### EXERCISE
Reproduce the entire listing exactly as written, apart from its pictures.

### DATA SHOWN
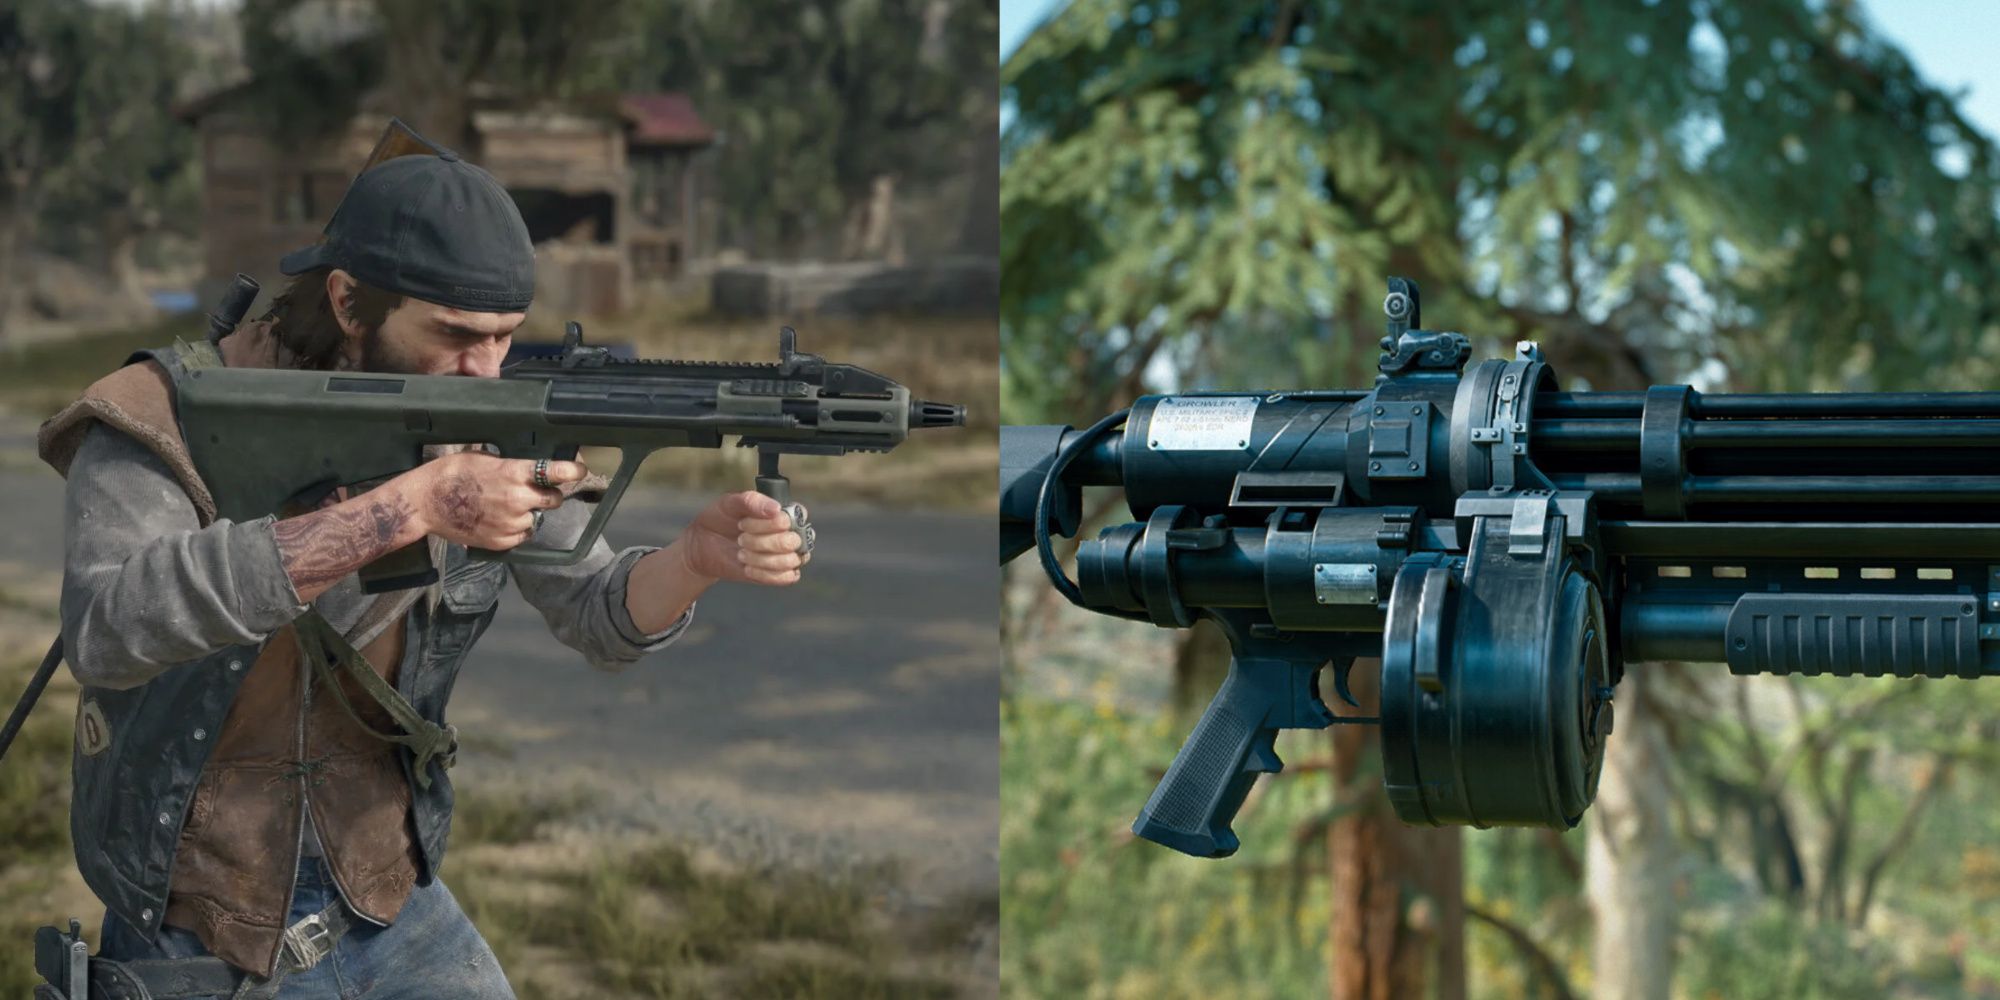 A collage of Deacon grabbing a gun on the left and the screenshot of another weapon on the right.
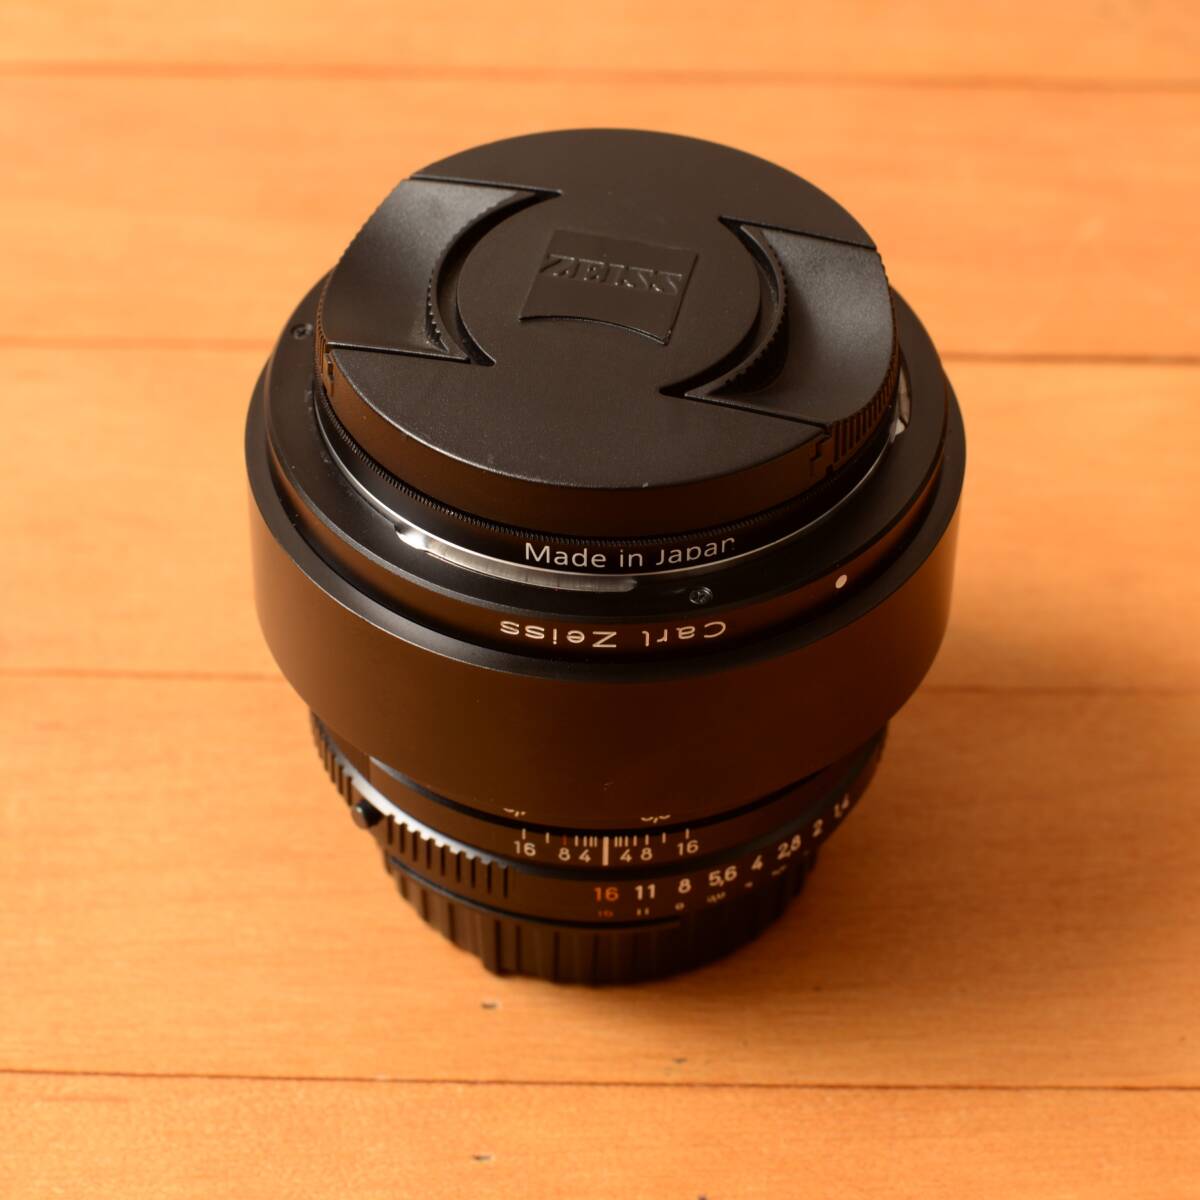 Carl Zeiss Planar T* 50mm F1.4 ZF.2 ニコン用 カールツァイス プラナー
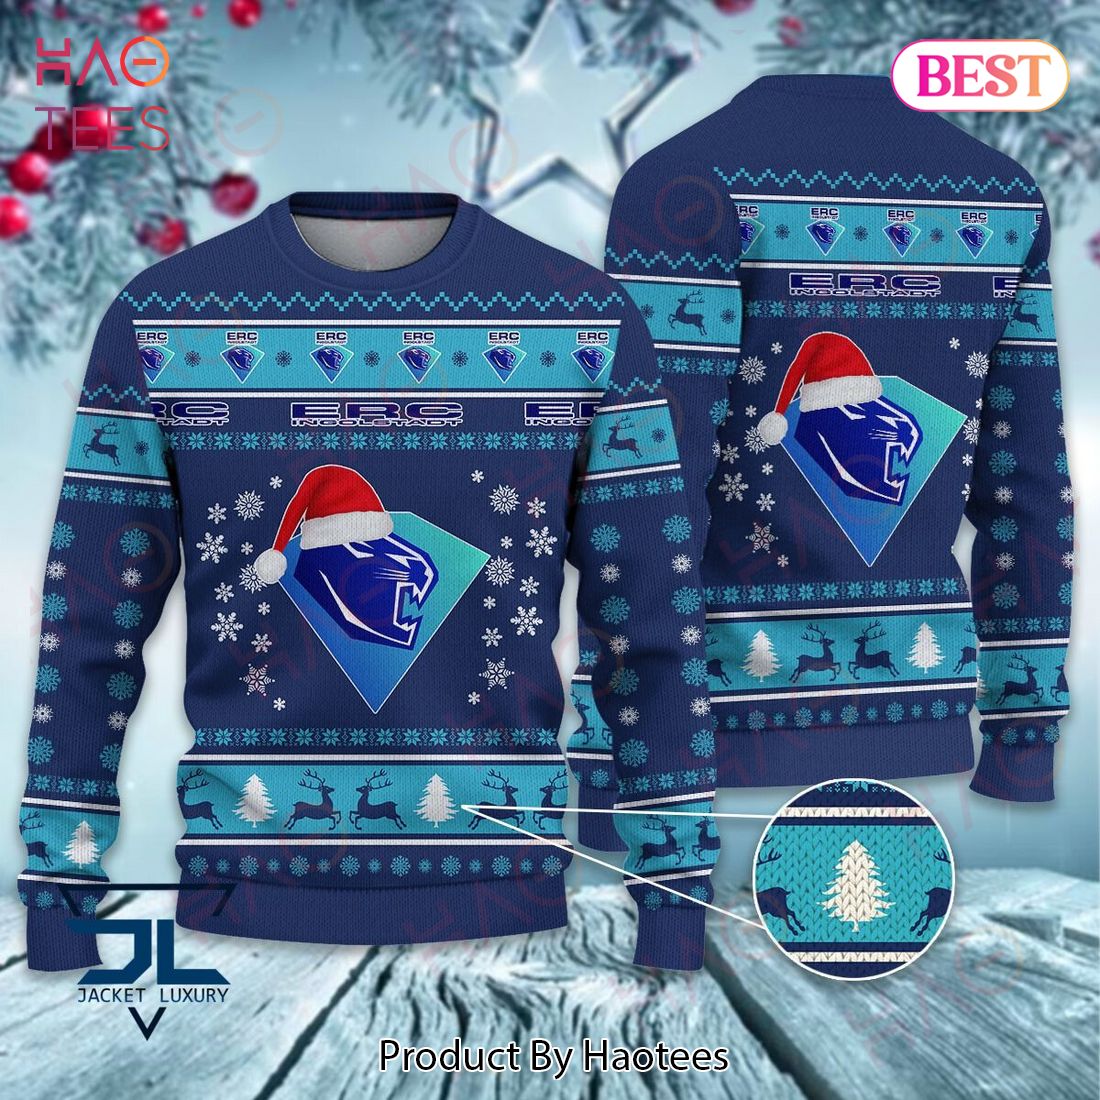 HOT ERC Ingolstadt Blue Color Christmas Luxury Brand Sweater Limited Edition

### YOUR SOLUTION
 A collage of Deacon grabbing a gun on the left and the screenshot of another weapon on the right.
 Carl Zeiss Planar T* 50mm F1.4 ZF.2 ニコン用 カールツァイス プラナー
 HOT ERC Ingolstadt Blue Color Christmas Luxury Brand Sweater Limited Edition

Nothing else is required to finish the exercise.